I learned to love Erlang some time ago and its various quirks are mostly
invisible to me, as I generally know them well and am working around them
reflexively. However, I recognize that for people who don't know Erlang yet,
Elixir provides a much easier path to obtaining full power of Erlang VM and
ecosystem. It can also benefit more experienced erlangers, as it improves some
Erlang features and then adds some totally new ones.

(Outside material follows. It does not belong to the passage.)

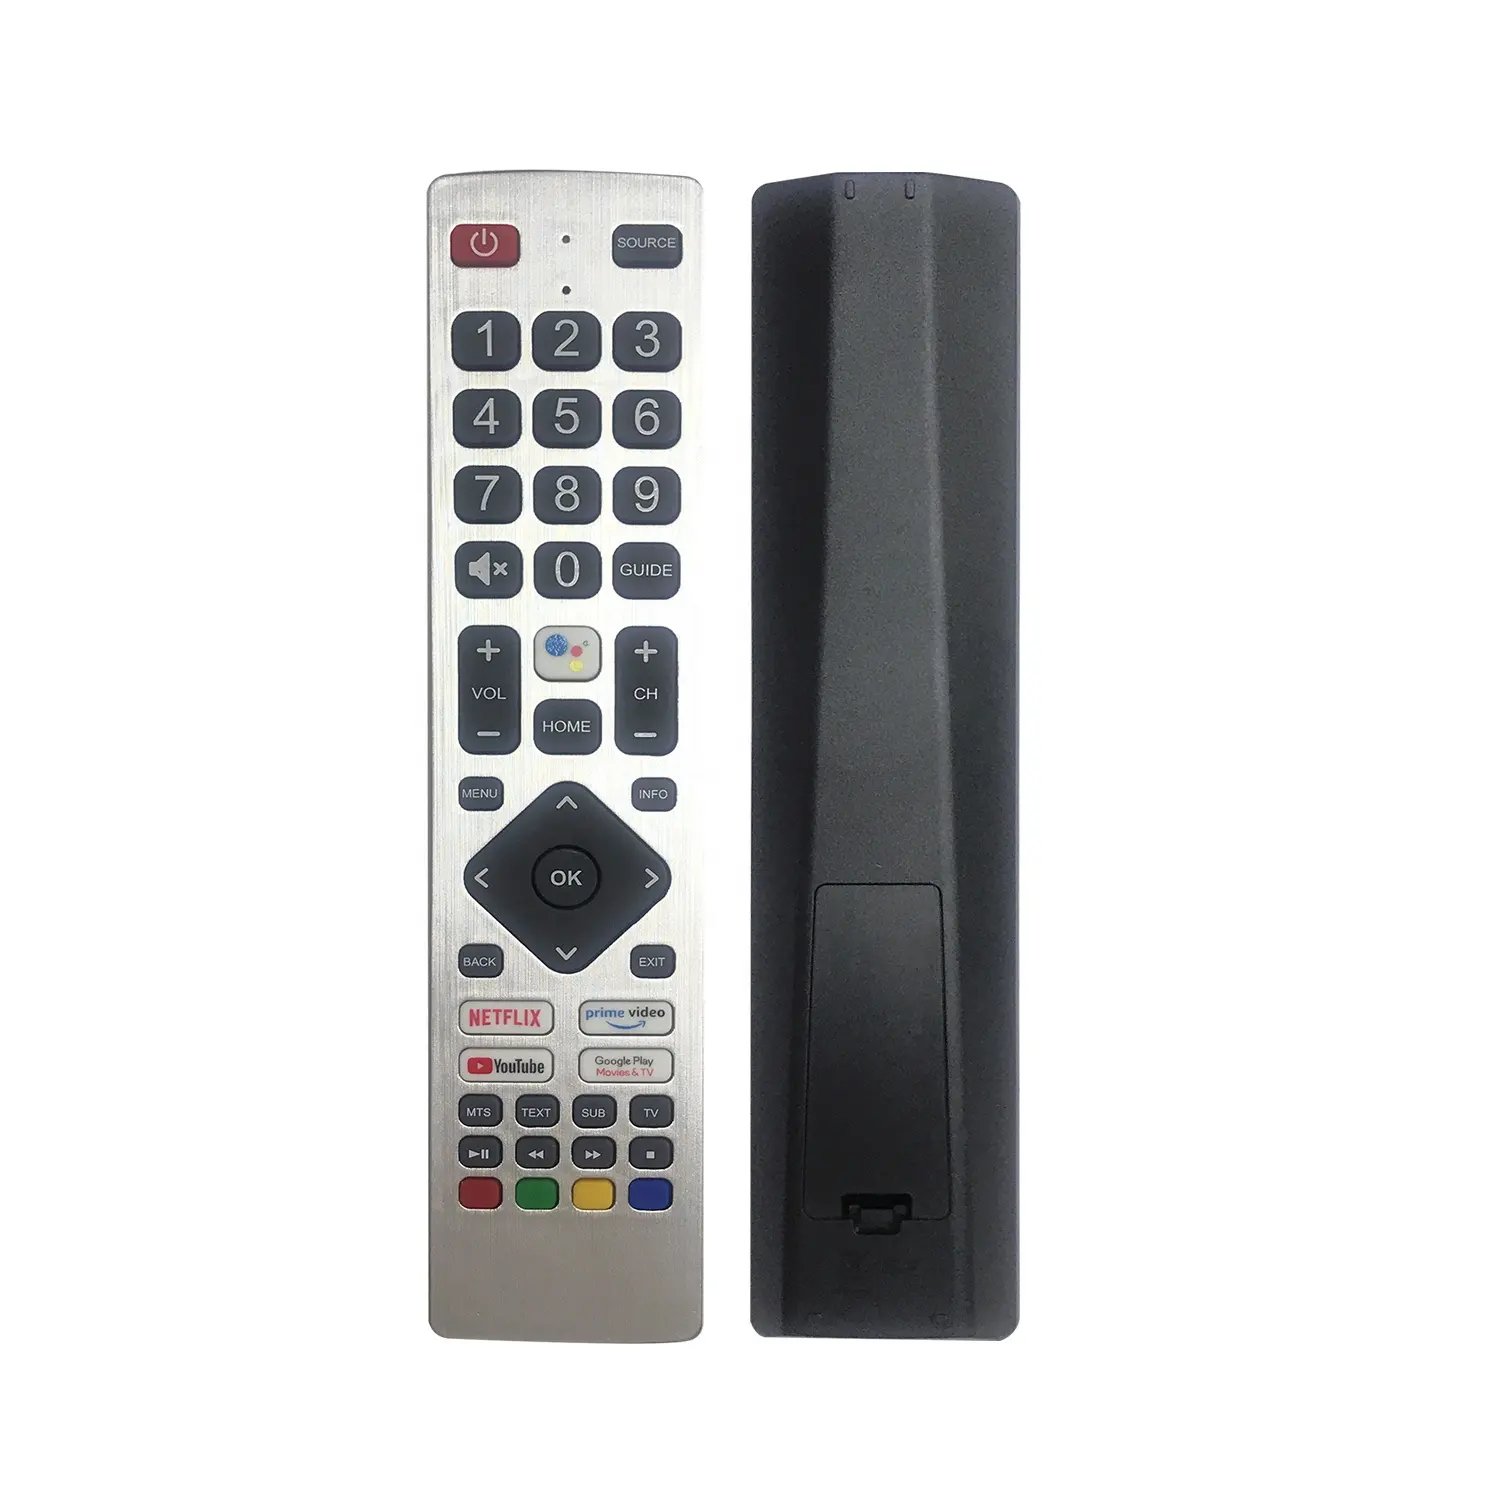 SPV01 voice Remote Control For Sharp Aquos TV SHWRMC0133 LC-40BL2EA LC-40BL3EA with Netflix Youtube Google Play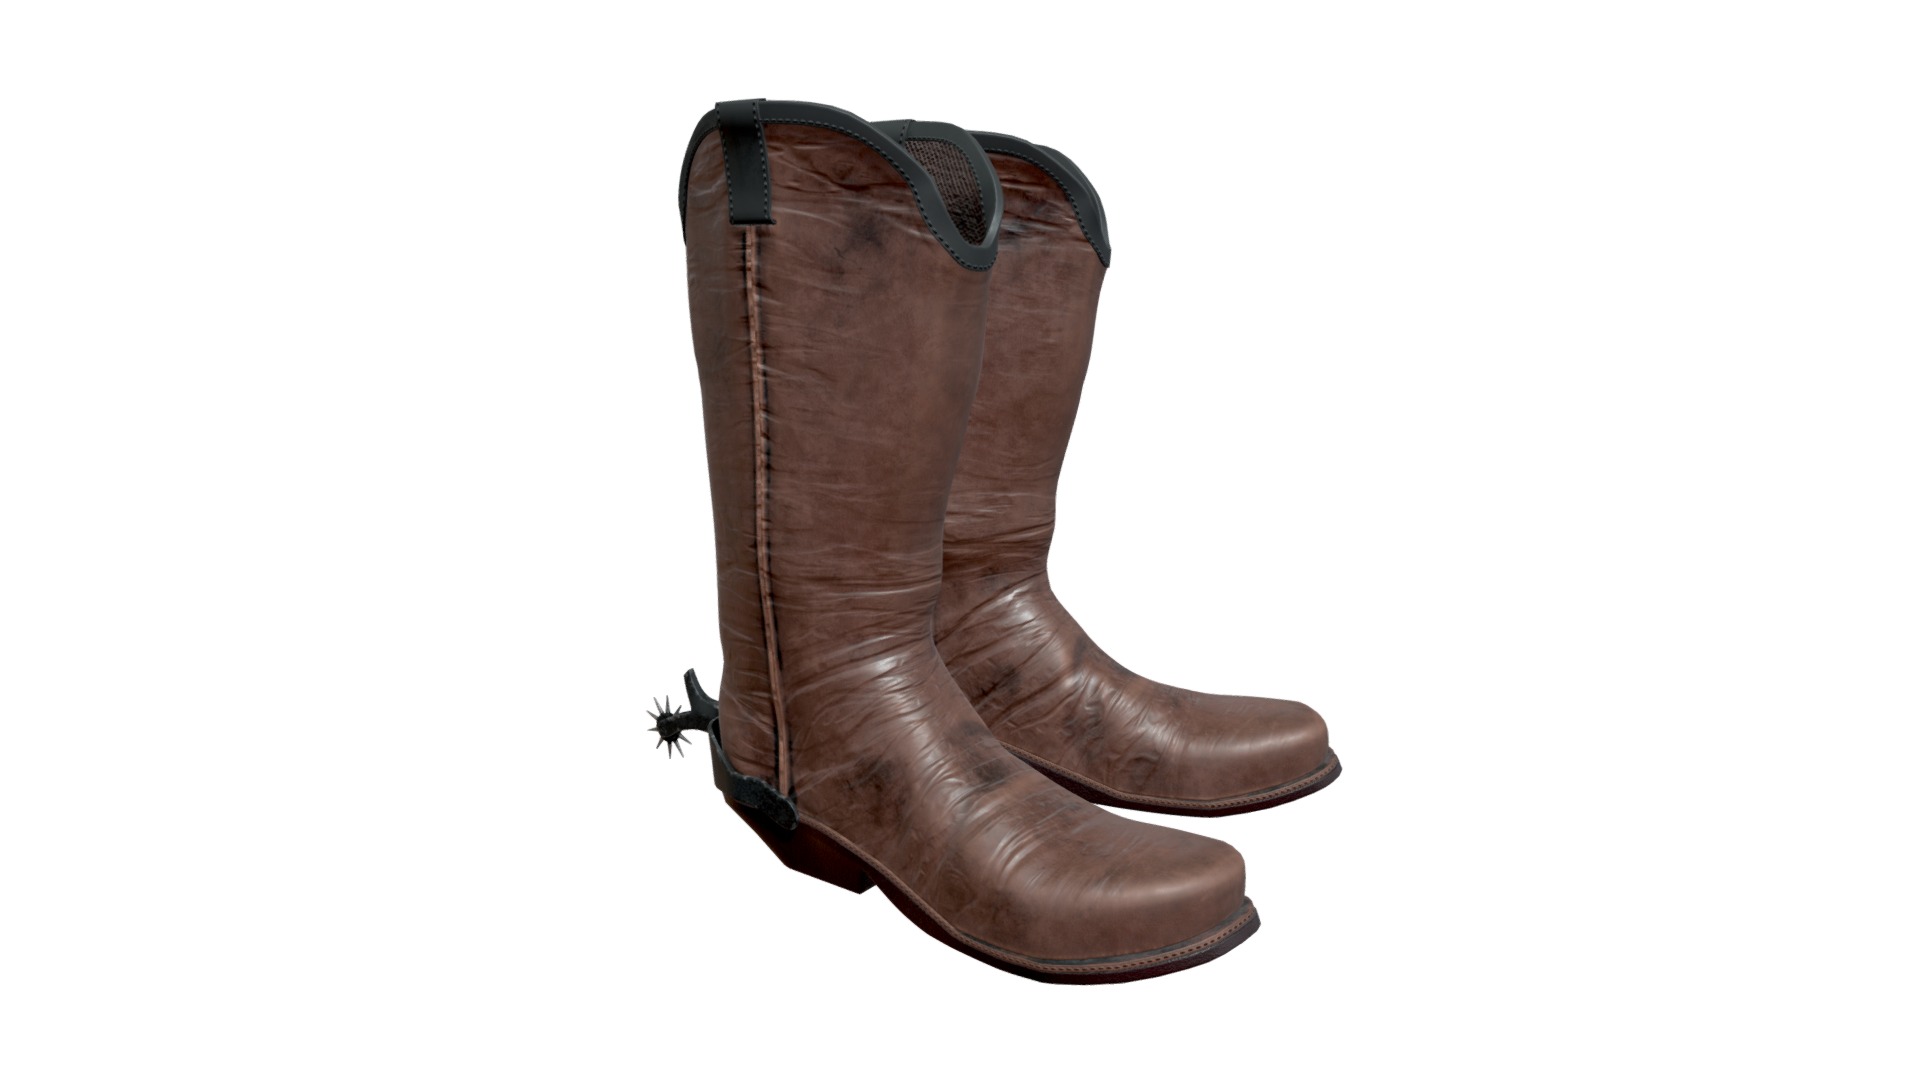 3D model Leather cowboy boots - This is a 3D model of the Leather cowboy boots. The 3D model is about a brown leather boot.

Elixir is a language which makes Erlang better suited to high-level, glue-like
scripting purposes, while still providing full access to things Erlang does
exceptionally well. In a way it's an effort to make Erlang reach outside of
its specific niche by making many things traditionally hard or unpopular in
Erlang easy to do in Elixir.

In short, if you're a serious programmer who works on anything that has a
server or is related to network in some way (which includes all web apps, most
mobile apps backends, all IM software, many different services like Dropbox
and many more) - you owe it to yourself to try Elixir out. Now that the
"awkward syntax" and many (admittedly) irritating quirks of Erlang are gone
and you're left with just the good parts you have really no reason not to
learn and use it.

------
linguafranca
Elixir reminds me a lot of Clojure.

\- It's a language that sits on top of another language's bytecode (Erlang vs
JVM)

\- It has its own task runner and dependency manager (mix vs lein)

\- It has homoiconicity and macros!

\- One of its main features is amazing concurrency support.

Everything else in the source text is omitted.